If the Australians had been typical of humanity as a whole, the human story would have looked something like this...
This argument suggests several points of concern:
- New Guinea is also small and isolated, yet its inhabitants achieved the neolithic level, unlike the Australians. New Guinea was actually joined to Australia, as the continent of Sahul, until about ten thousand years ago, so why did the Australians not achieve the sophistication of New Guinea? The Polynesian islands are even smaller and even more isolated, yet many had chiefdoms, surpassing New Guinea in sophistication, let alone Australia.
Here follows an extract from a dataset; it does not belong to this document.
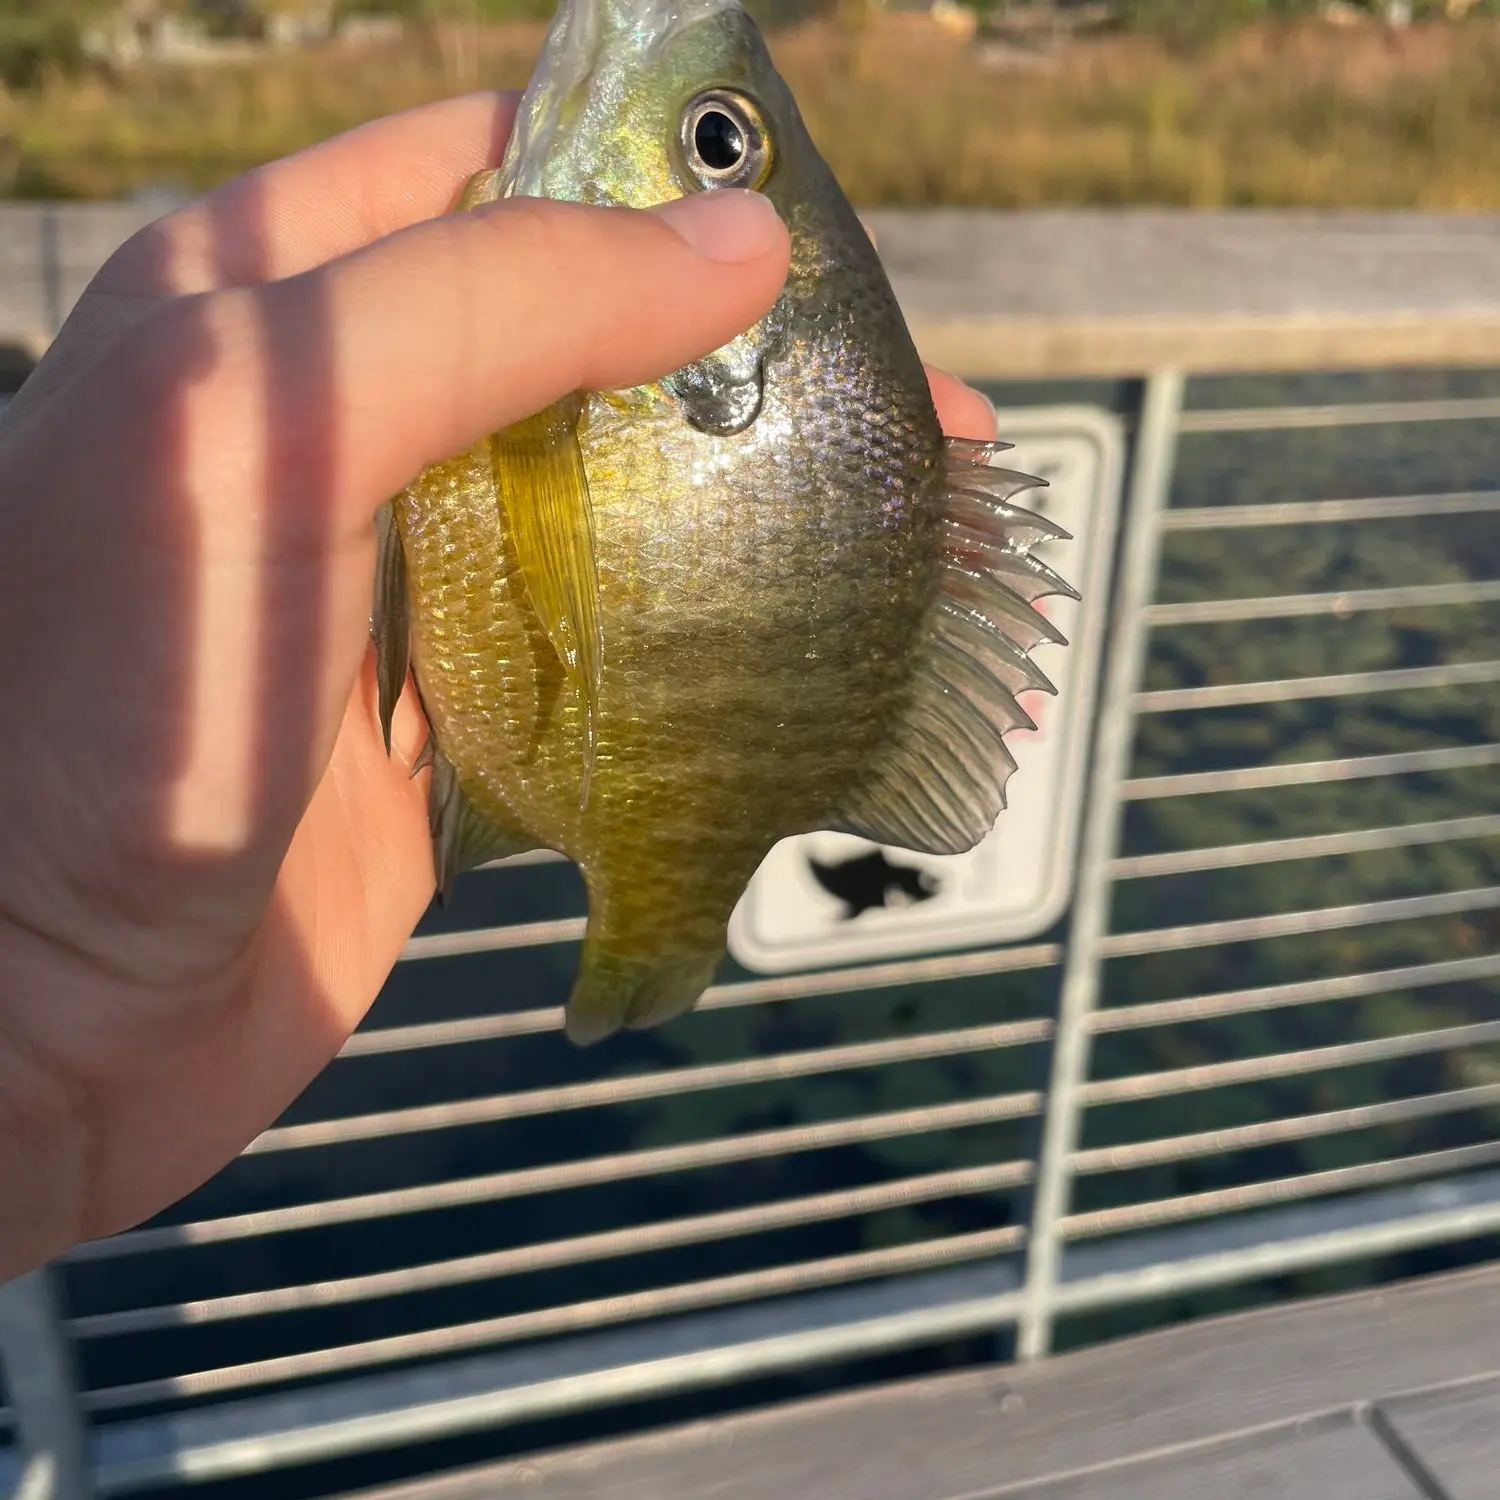 Grand Valley Preserve Fishing Reports

We might be able to explain this in terms of humans bringing the relevant technologies and institutions to these islands, so that they were already in a more complex eigenmode. But why were people not able to carry this eigenmode to Australia?
- If Australia was too small to support developmental growth like that of the Afro-Eurasian and American world islands, it suggests that, had the world's landmass been more broken up than it is, then humans would not have been able to develop anywhere. The fact that humans have developed must then be seen, in part, as a geographical accident, not an inevitable result of human talents.
- Australia is a big place. If we are saying Australia was too small, then just how big does a continent have to be before humans are able to develop beyond the paleolithic? It is true that Australia has large areas of desert, but the Nile Valley is surrounded by desert. And climatic conditions in Australia have changed a lot over the millennia. Why could civilisation not have developed along the valleys of Australia's Orange or Murray-Darling rivers? If we are saying environmental conditions here were never quite right, then just how flukey was the development of civilisation elsewhere?
- If Australia reached equilibrium at a technological level commensurate with its size, then could this be the fate of the world as a whole? Will we stagnate at a (much higher) technological level where the planet is able to support just enough population to sustain that level of technology? Could the human race flat-line until the sun goes supernova or something else wipes us out?
The point of these questions is not to deny that Australia's lack of development can be related to its situation, but to show some of the complicating issues that a full theory must take into account and be able to explain.
We should also note two other points:
- There is no reason to think, as some might, that the aboriginal Australians lacked the mental capacity of humans elsewhere. All humans today are members of a single species, descended from common ancestors living at most 100-200,000 years ago. On an individual level, aboriginal Australians operate perfectly competently in technologically advanced society; high achieving aborigines include academics, politicians and writers. Australian traditional culture is also sophisticated in its own way; languages and kinship systems are more complex than those of 'advanced' societies; art and mythology are well developed; the boomerang is a clever device; aborigines found honey by gluing feathers to bees, slowing them down so they could be followed. [As far as dark age theory is concerned, the sameness of humans everywhere and at all times is axiomatic. Only when it has proved impossible to build an adequate theory of history on that assumption will the axiom need to be abandoned - we are nowhere near that yet.]
- Australians seem to have taken up agriculture at various points, then abandoned it again. Therefore, the situation is not as simple as achievement of an everlasting equilibrium. Stagnation was not total, and perhaps changing climatic conditions sometimes elevated scale sufficiently to promote development in some areas.
Finally, there is the argument of Jared Diamond, in Guns, germs and steel, which is that the move to neolithic (farming) lifestyles depended on the availability of crop plants and domesticable animals. While Eurasia had barley/wheat/rice on the one hand and sheep/cattle/horses/pigs on the other, suitable equivalents in the rest of the world were lacking.
Diamond's argument comes back to the issue of continental size. There is a well-known relationship between the size of an island/landmass and its biodiversity. Hence, the largest continent, with the greatest biodiversity, inevitably had the most suitable species for agriculture. The second largest continent was a runner up, while the smallest continent had too litte variety to provide species with the right characteristics for human exploitation.
This argument is not endorsed by dark age theory, which starts from the assumption that history is a sociological phenomenon, not dictated by random background features such as climatic conditions or availability of domesticable species. In dark age theory, necessity is the mother of invention, so that people would be expected to have found ways of supporting complex society if conditions were right for it. Diamond says attempts to use the zebra as a beast of burden have failed, which he suggests helps explain Africa's lack of development. However, over thousands of years the zebra might have been domesticated as the horse was, had people really needed such an animal. Dark age theory looks for explanations in terms of the inherent logic of human affairs, not in terms of chance, external factors. (This viewpoint may be wrong, but we start from it as an assumption, to be abandoned only when it has demonstrably failed.)